#### Work instructions:
Could you copy exactly the lines below from the one with "University Of Illinois" to the one with "Photograph of an", inclusive, leaving out any pictures?

#### Material supplied:
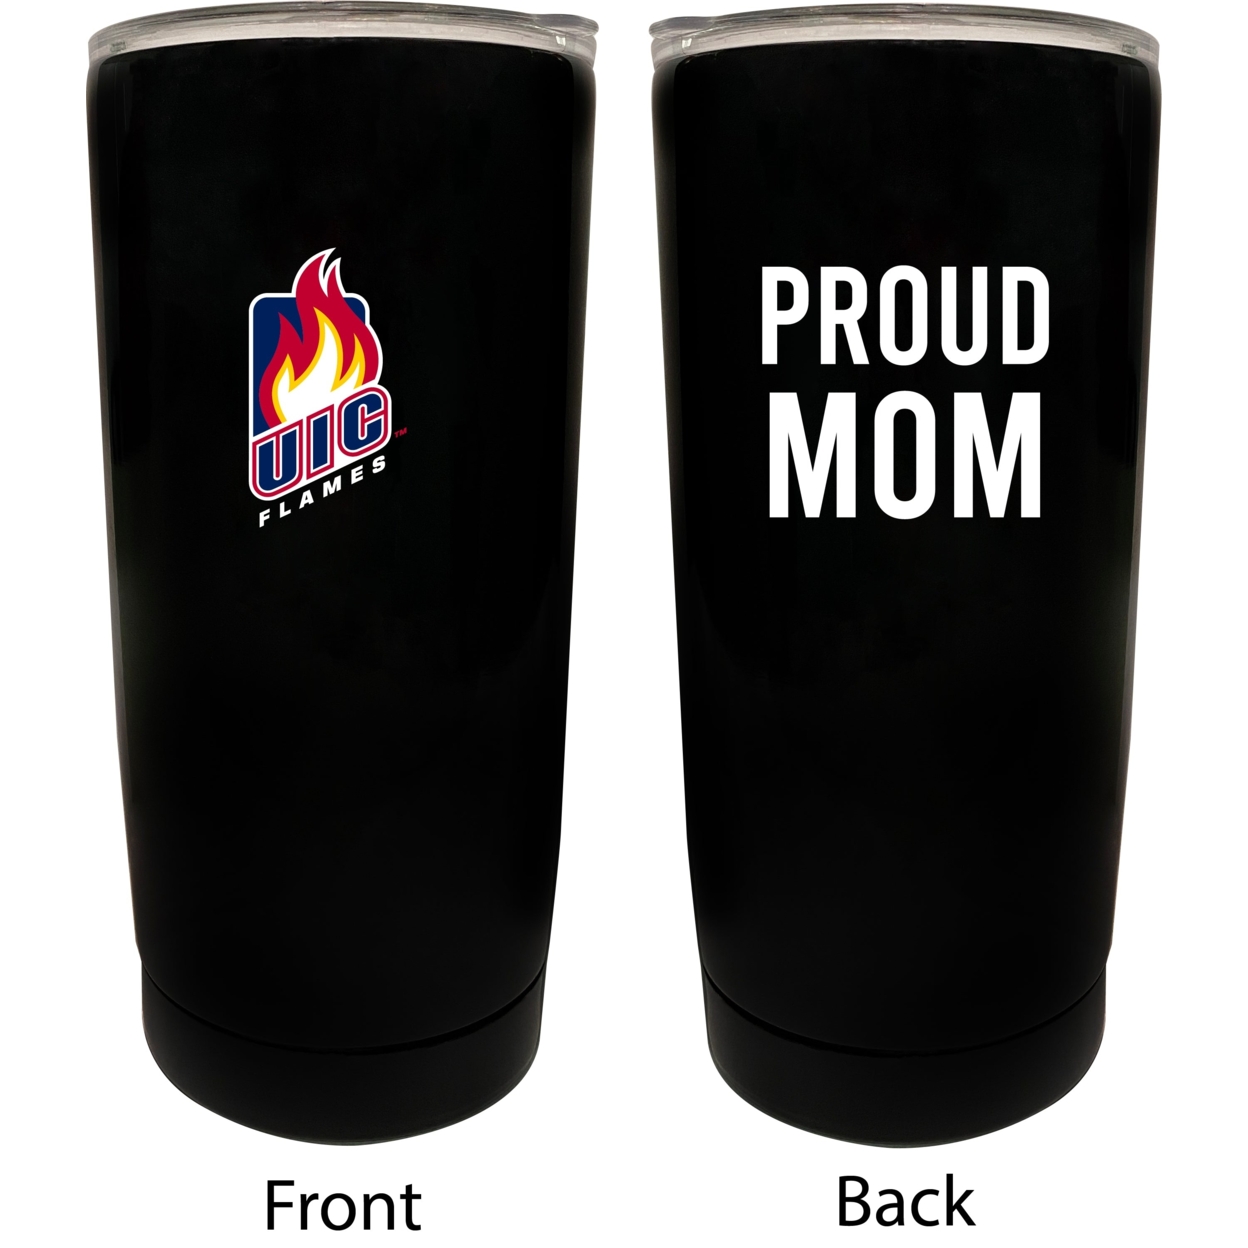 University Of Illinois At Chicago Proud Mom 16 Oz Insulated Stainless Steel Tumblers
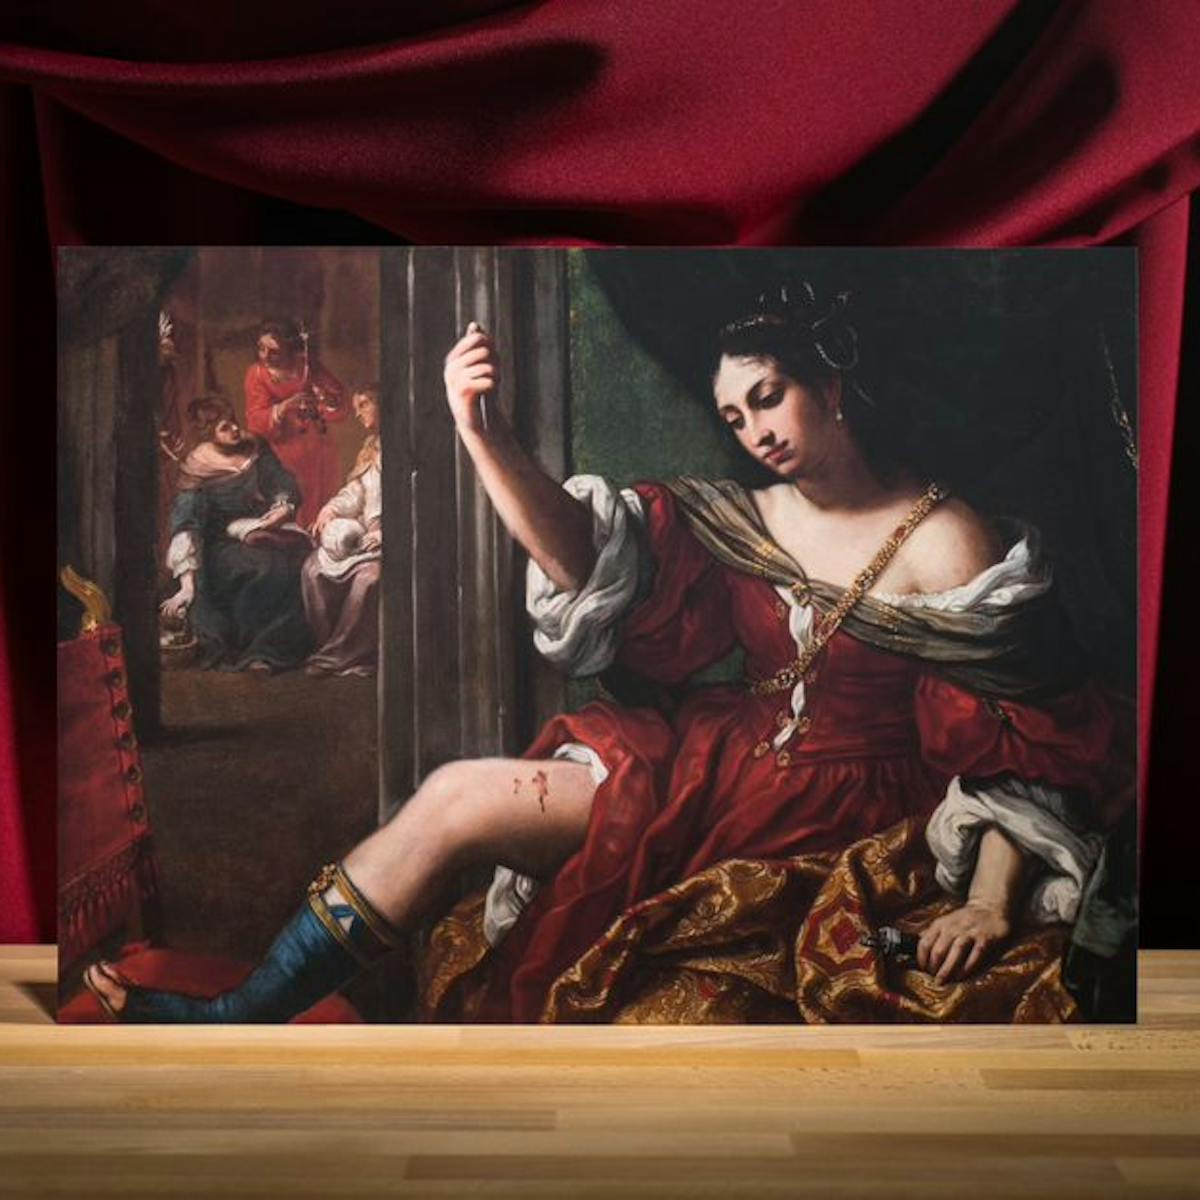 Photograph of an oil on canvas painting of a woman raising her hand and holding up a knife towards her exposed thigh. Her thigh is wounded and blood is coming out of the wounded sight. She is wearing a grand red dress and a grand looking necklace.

--

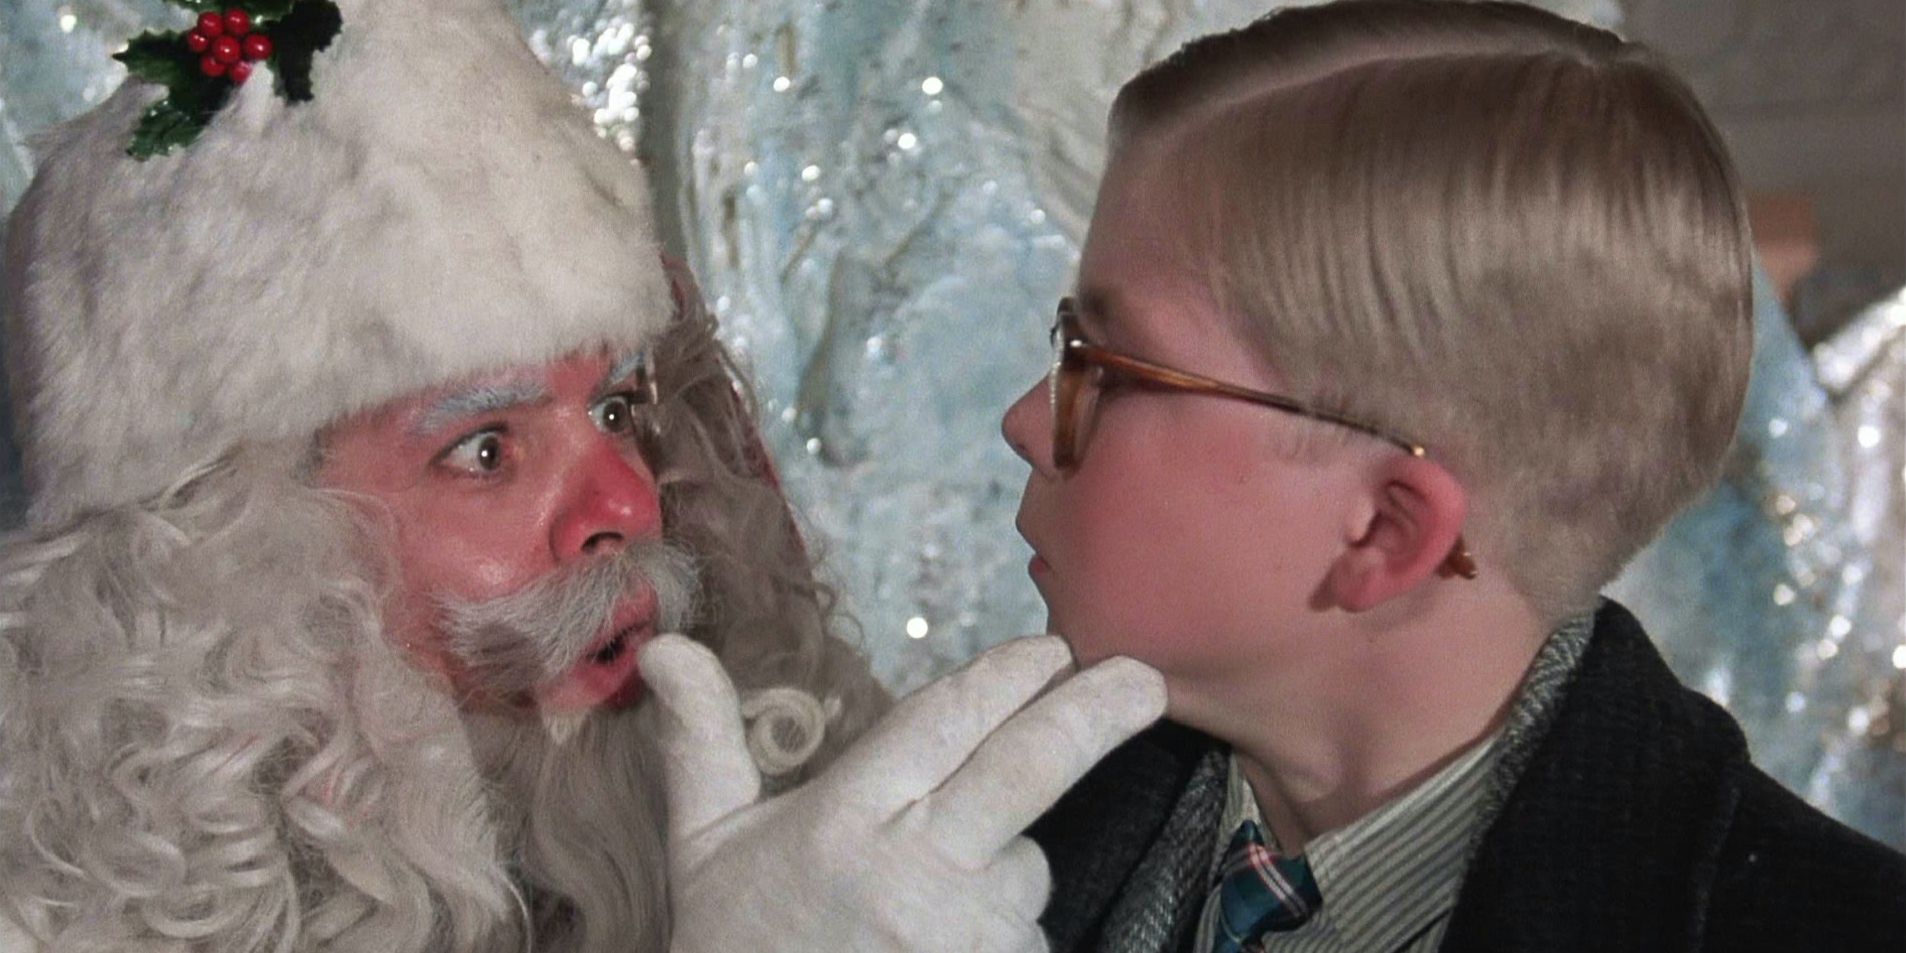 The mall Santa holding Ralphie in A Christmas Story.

#### Final answer:
 University Of Illinois At Chicago Proud Mom 16 Oz Insulated Stainless Steel Tumblers
 Photograph of an oil on canvas painting of a woman raising her hand and holding up a knife towards her exposed thigh. Her thigh is wounded and blood is coming out of the wounded sight. She is wearing a grand red dress and a grand looking necklace.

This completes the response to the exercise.